1 - Medical examination bed comprising a base provided with a base (13), a mast (14) standing on the base, an examination table (15) mounted at the top of the mast, a guide (17), a pivot (18) mounted at one end (41) of the guide, and pads (20) mounted directly under the base to move the base, the base being mechanically connected to the guide by means of a carriage (28) sliding on the guide, characterized in that the connection of the guide to the base comprises a parallelogram structure (30 - 38) connected to the carriage and to the base, and in that the pads are placed next to the carriage.

2 - Bed according to claim 1, characterized in that the pads have air cushions (50) which raise (E) the base at the time of movement.

3 - Bed according to claim 3, characterized in that an air cushion comprises an inflatable crown (50) bearing under the base and on the ground (40) and an air inlet (54) under pressure in a chamber limited by this inflatable crown.

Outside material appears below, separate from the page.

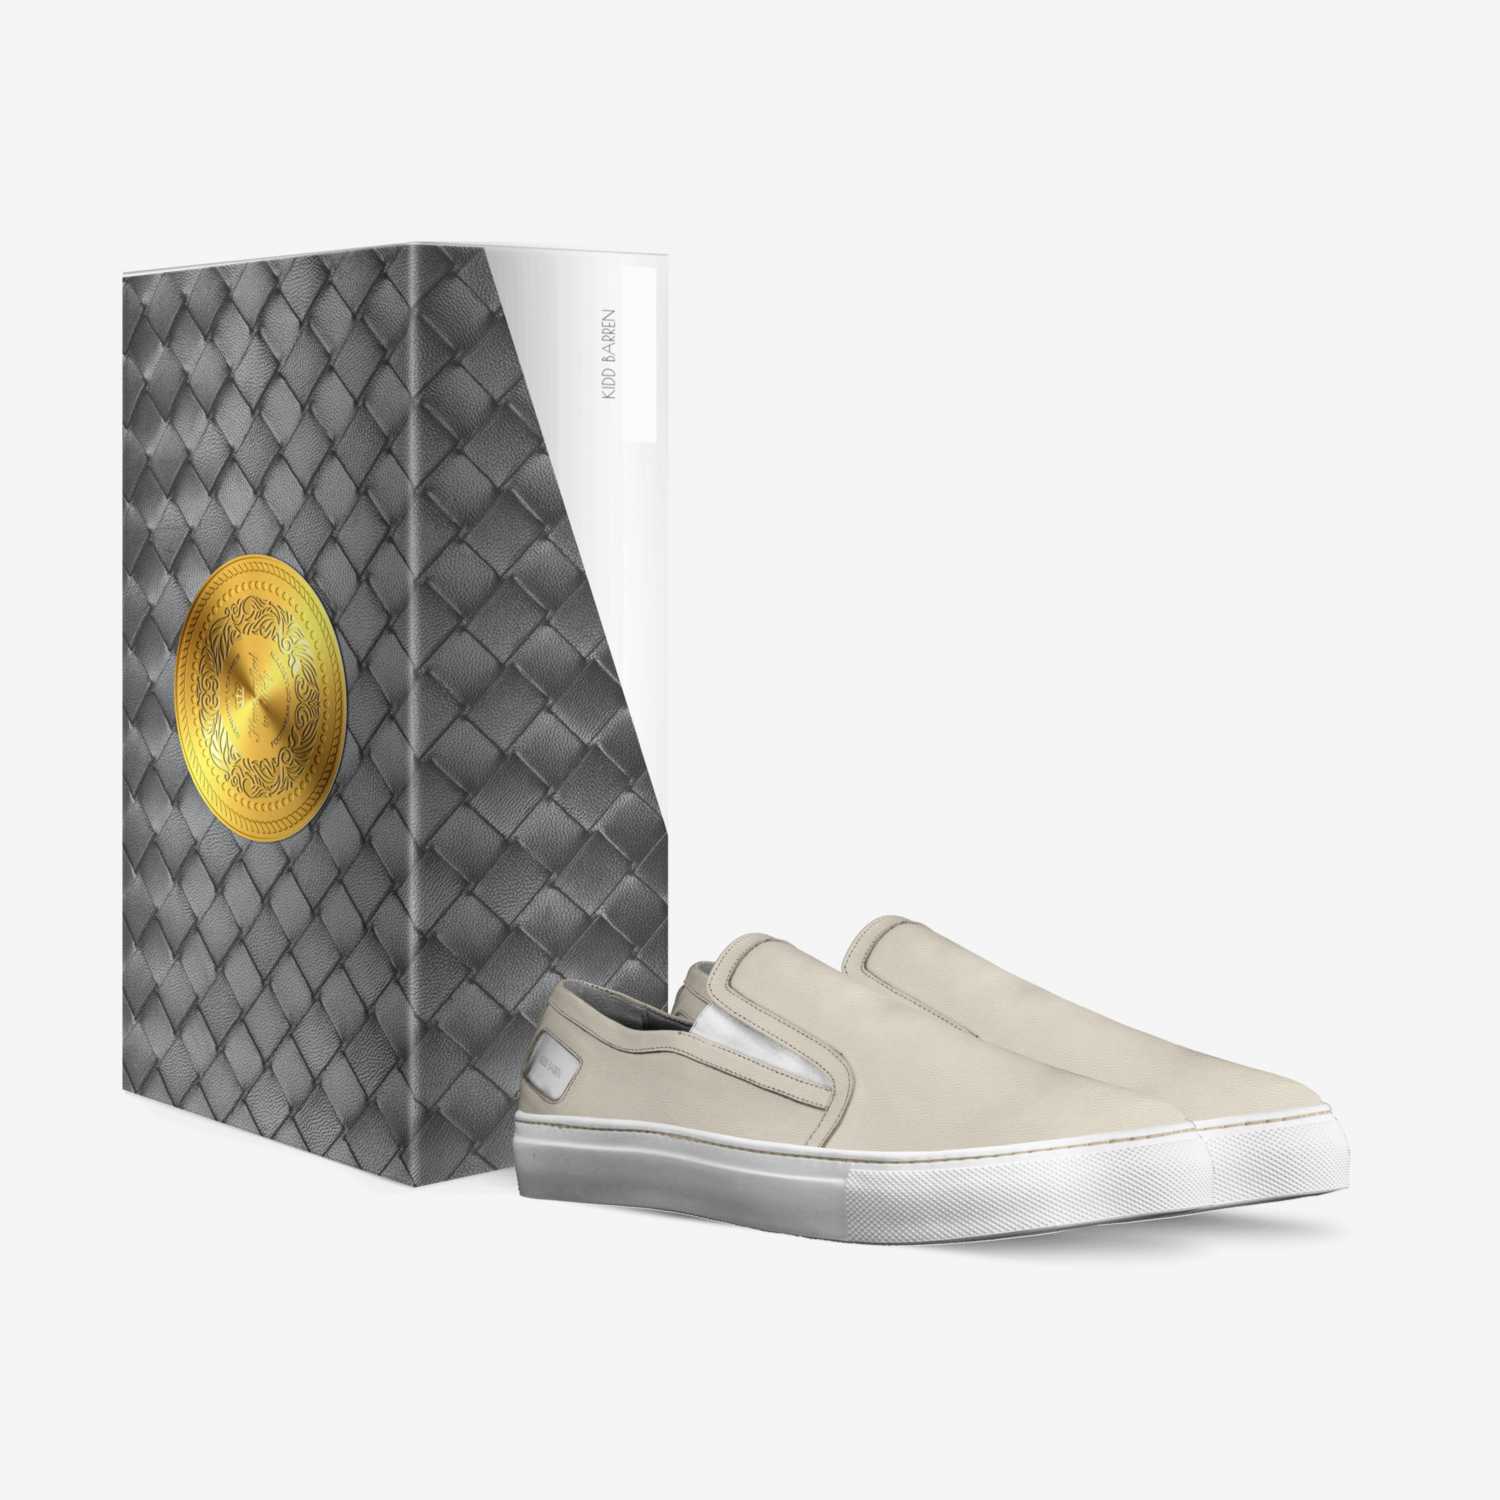 Kidd Barren custom made in Italy shoes by Matt Barren | Box view

4 - Bed according to one of claims 2 to 3, characterized in that the parallelogram structure comprises in two parallel planes legs (30, 32, 33) of force which are not parallel to each other.

5 - Bed according to claim 4, characterized in that a leg has at its end a ball joint (42) to allow elevations of the base relative to the guide.

6 - Bed according to one of claims 1 to 5, characterized in that a shoe comprises a roller (60) carried by an oscillating arm (59).

7 - Bed according to claim 6, characterized in that the swinging arm is pushed back by a spring (62) or a screw (65).

8 - Bed according to claim 7, characterized in that the spring is compressed by a pneumatic cylinder (63).